WORK INSTRUCTIONS — Starting at the line that holds "Christmas Gift Ideas For Newlyweds", quote every line through the end of the records, both boundary lines included. Omit the pictures.

[PROVIDED ENTRIES — start]

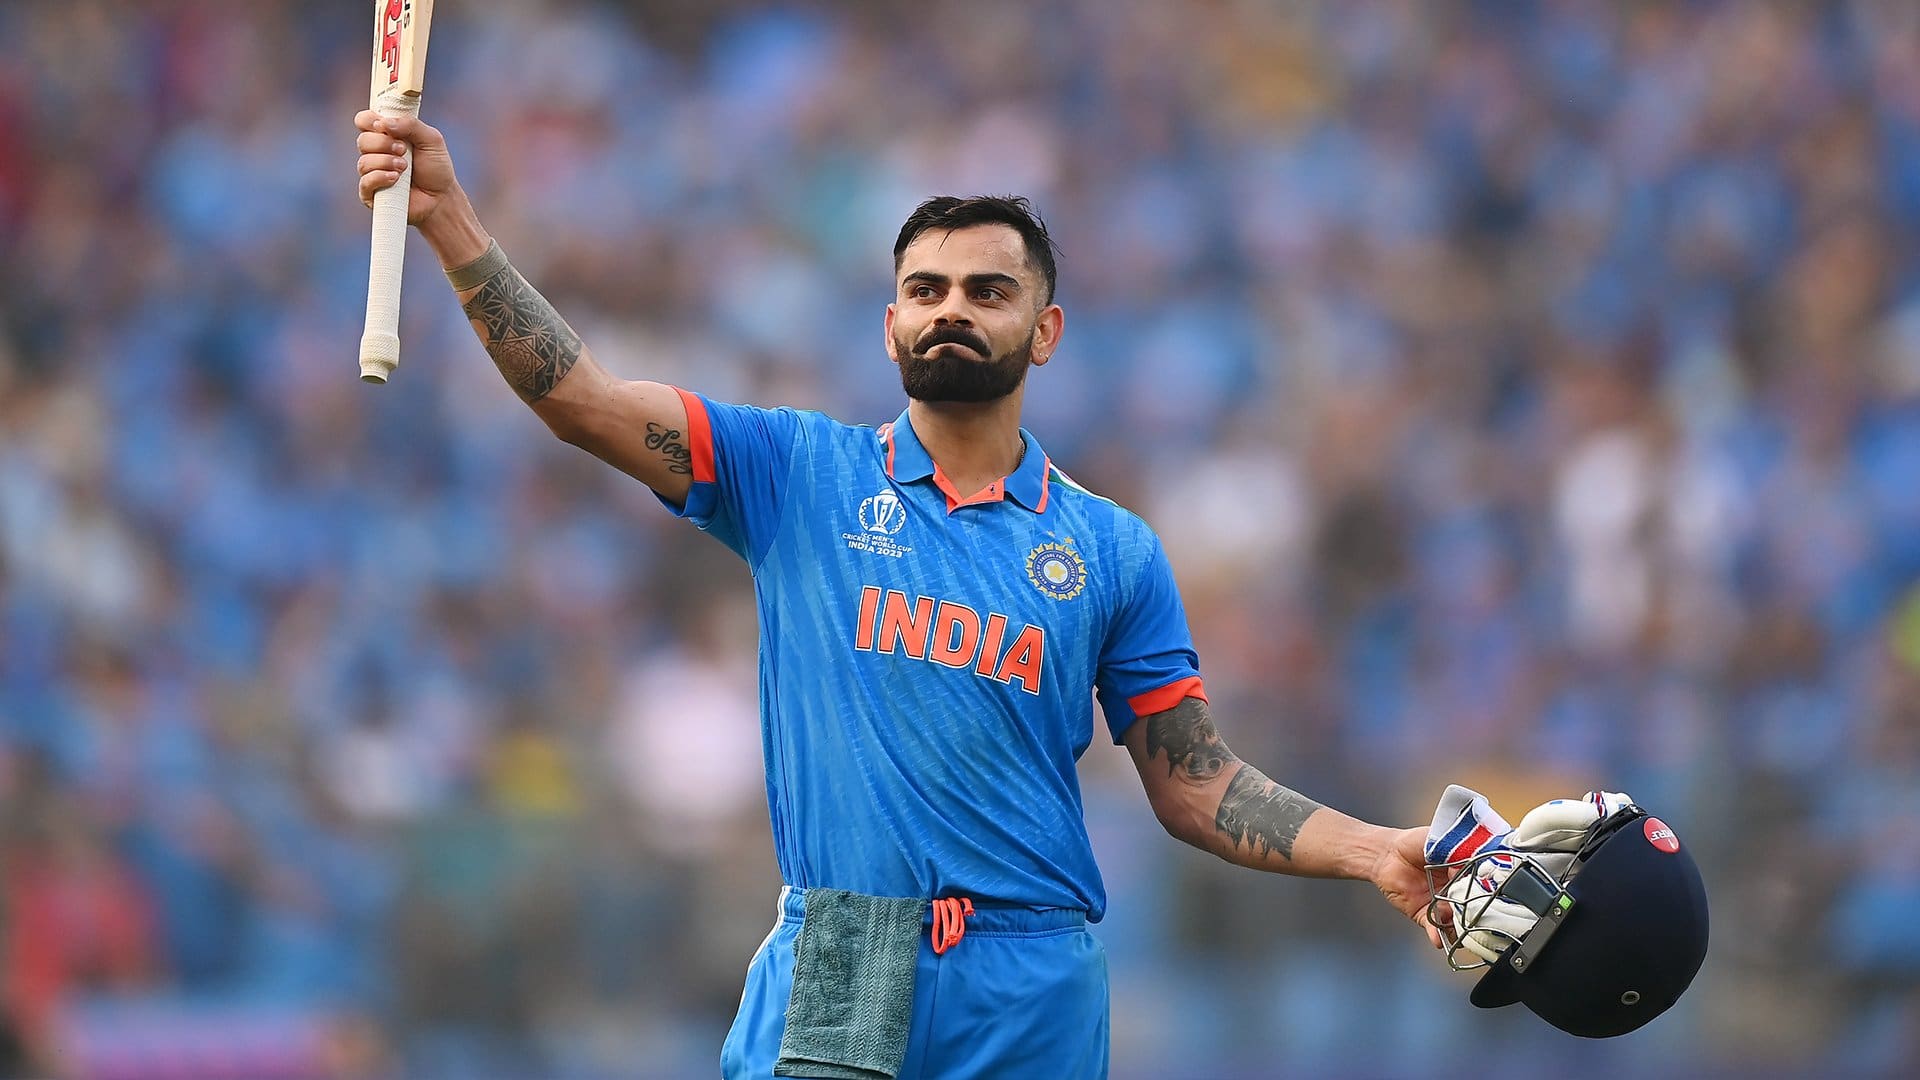 Why Virat Kohli Is Not Playing T20 vs Afghanistan? The 'Real' Reason Revealed
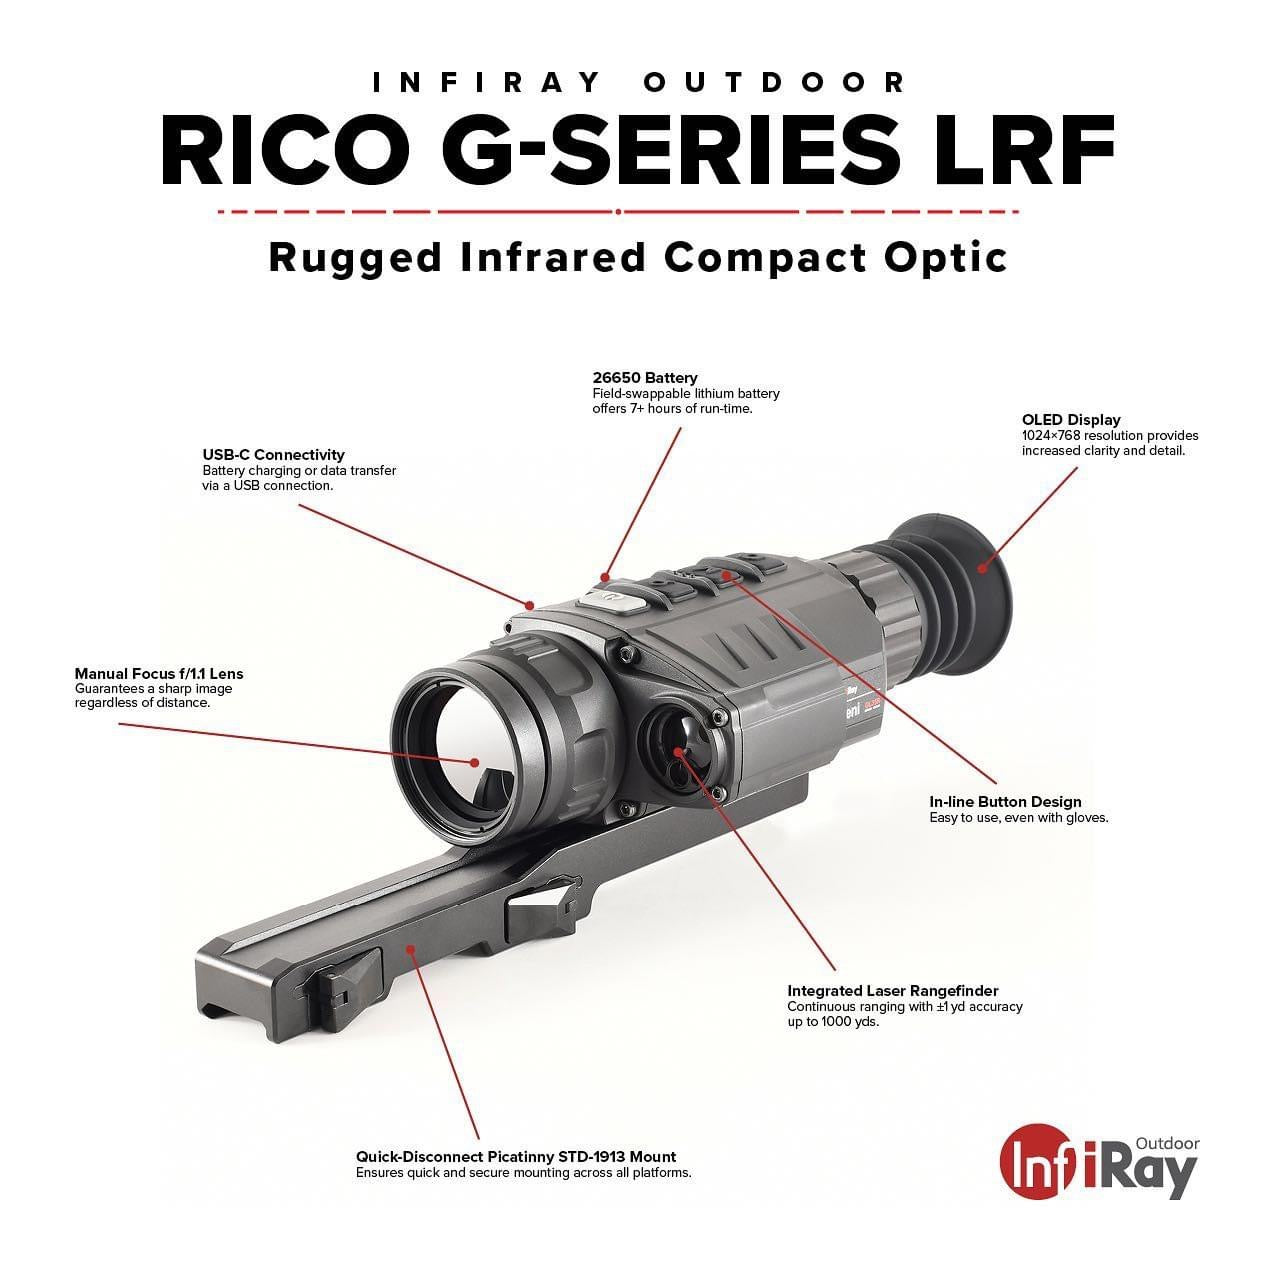 InfiRay Outdoor RICO GL35R 384 3x 35mm Thermal Scope (LRF)
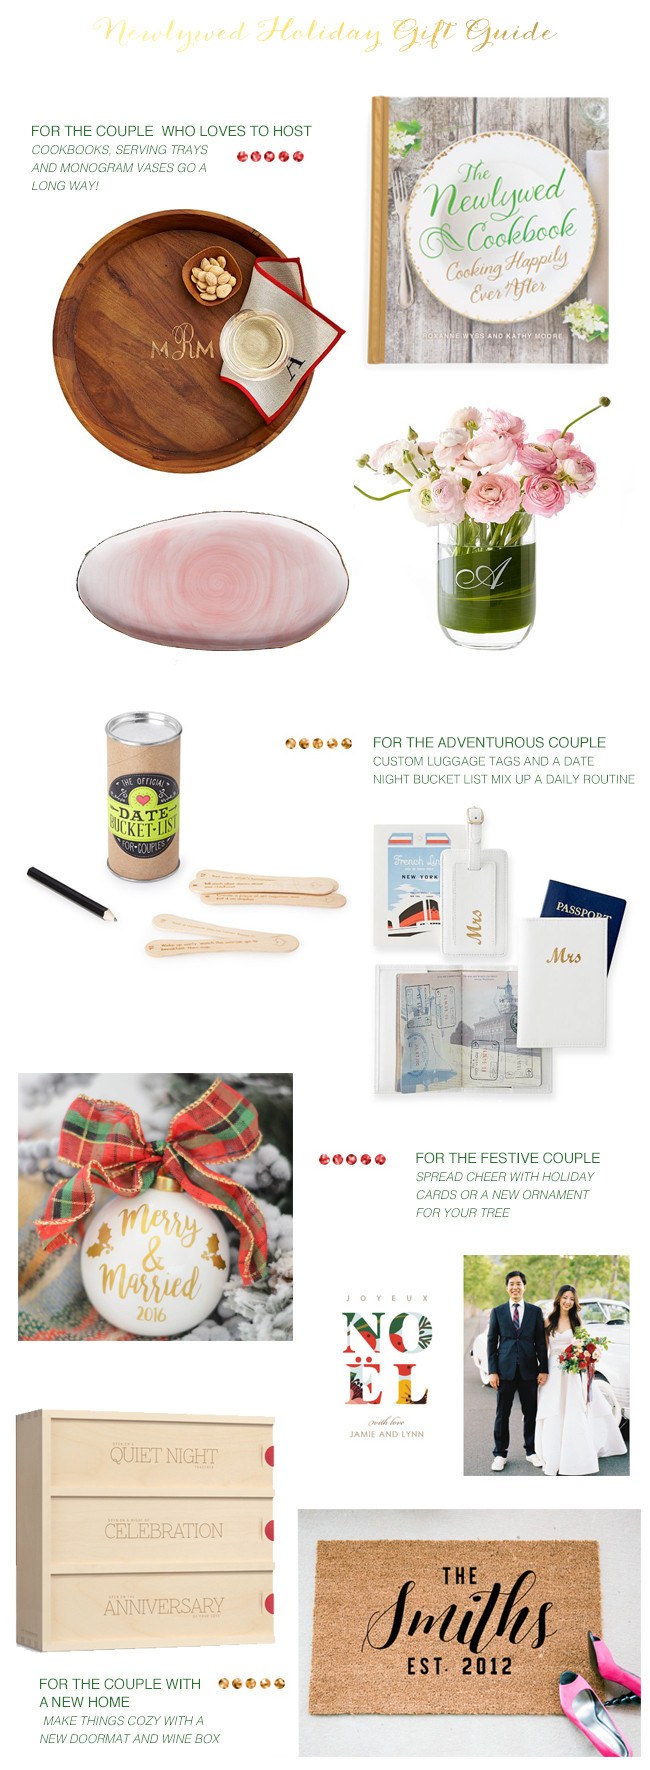 Christmas Gift Ideas For Newlyweds
 Newlywed Holiday Gift Guide
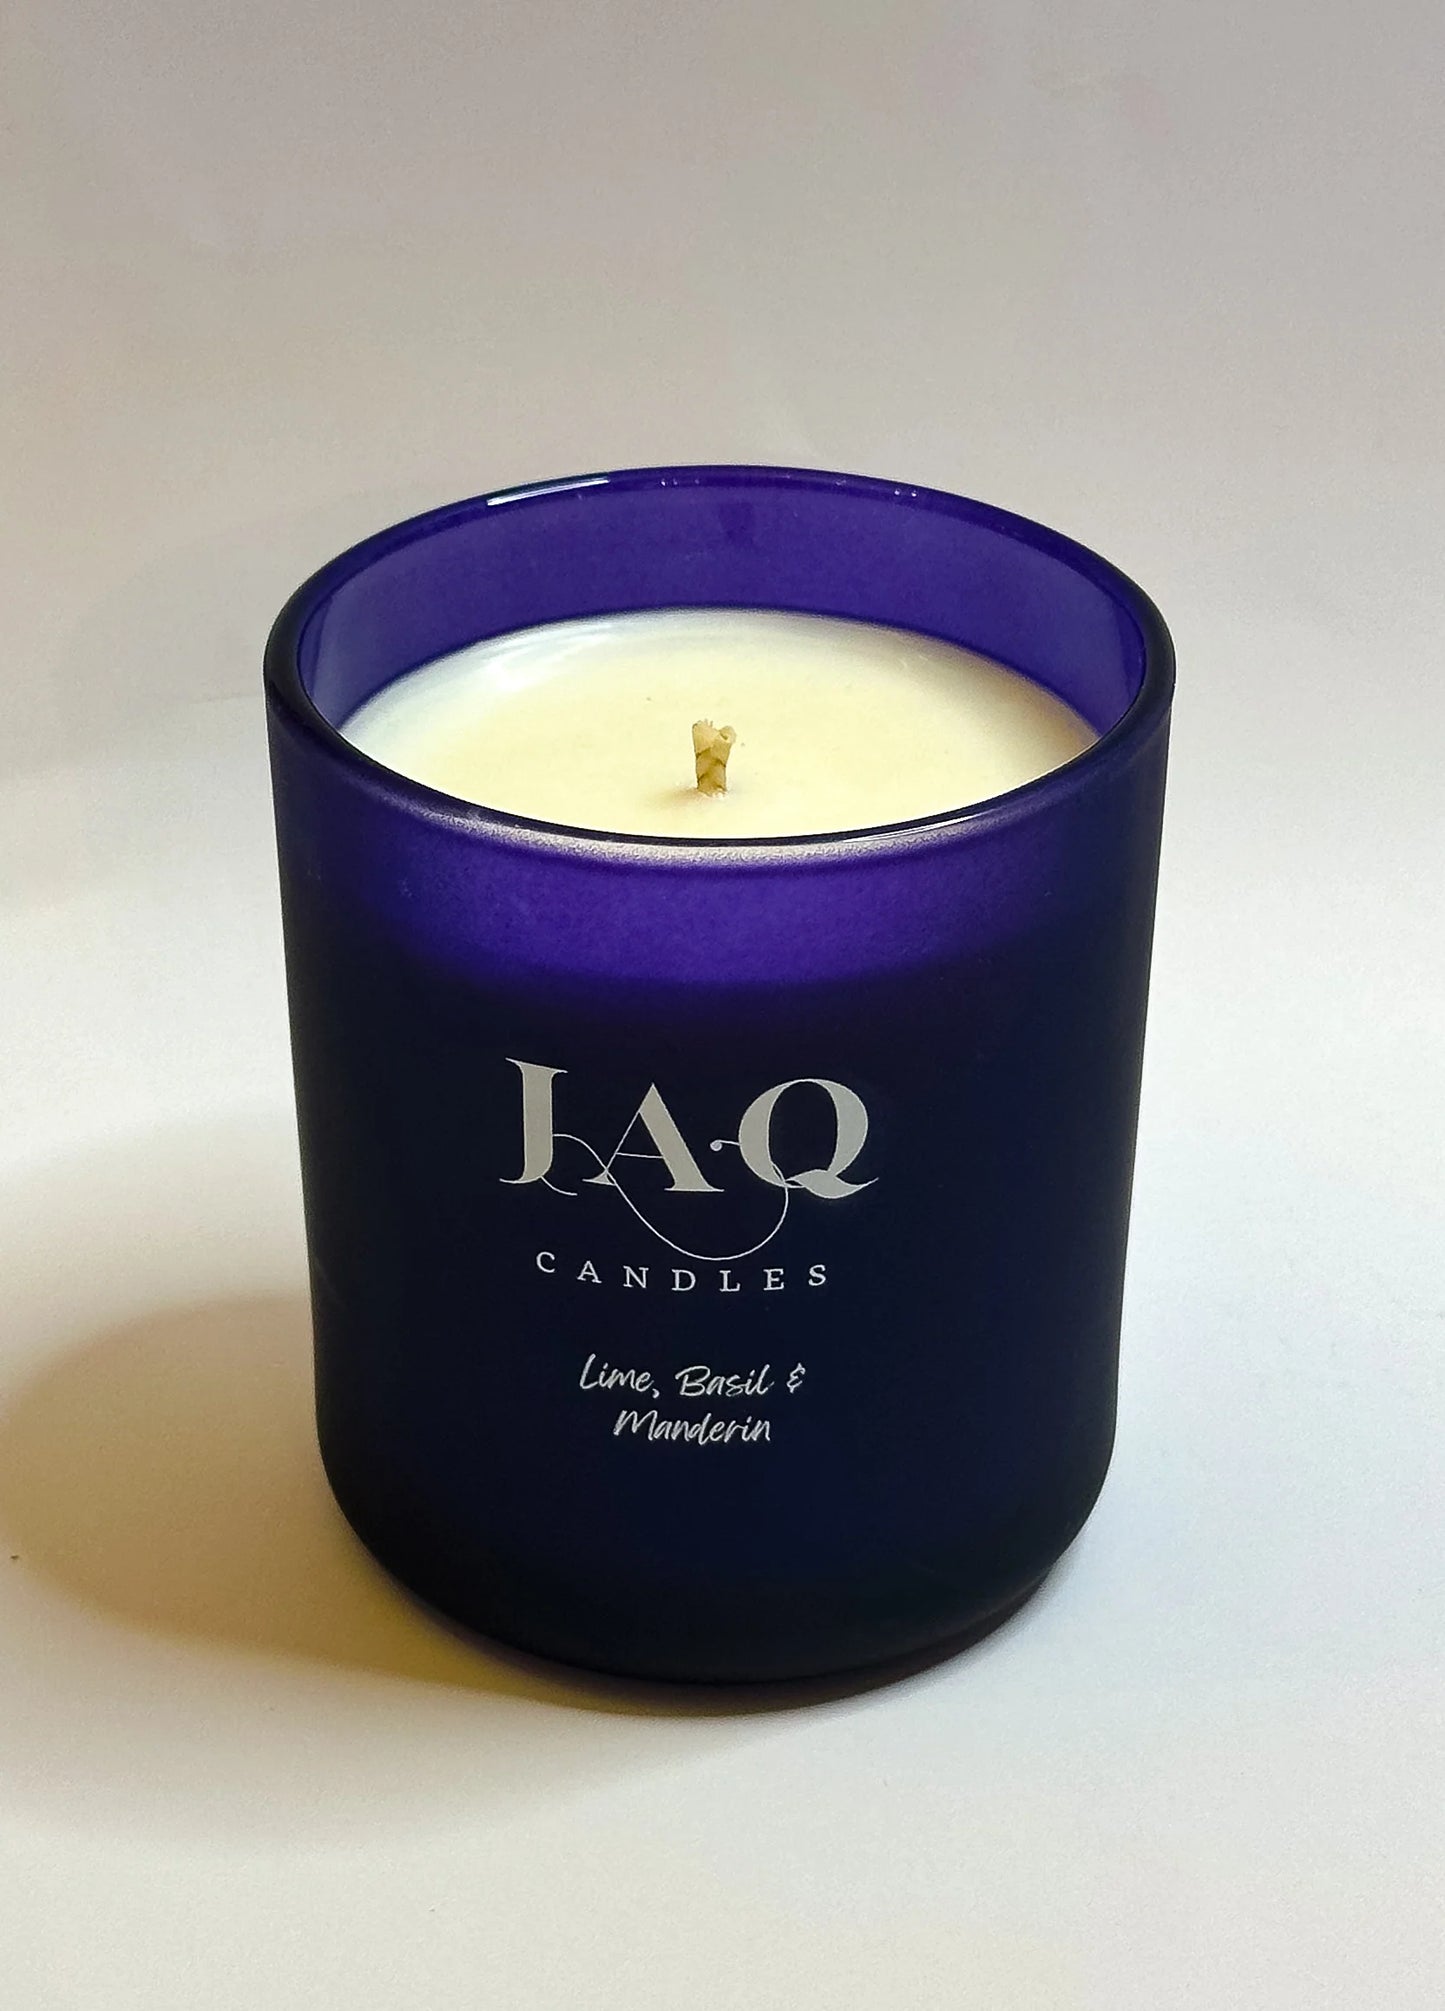 Lime Basil & Mandarin Candle by JAQ Candles

[PROVIDED ENTRIES — finish]

EXERCISE OUTPUT —
 Christmas Gift Ideas For Newlyweds
 Newlywed Holiday Gift Guide
 Lime Basil & Mandarin Candle by JAQ Candles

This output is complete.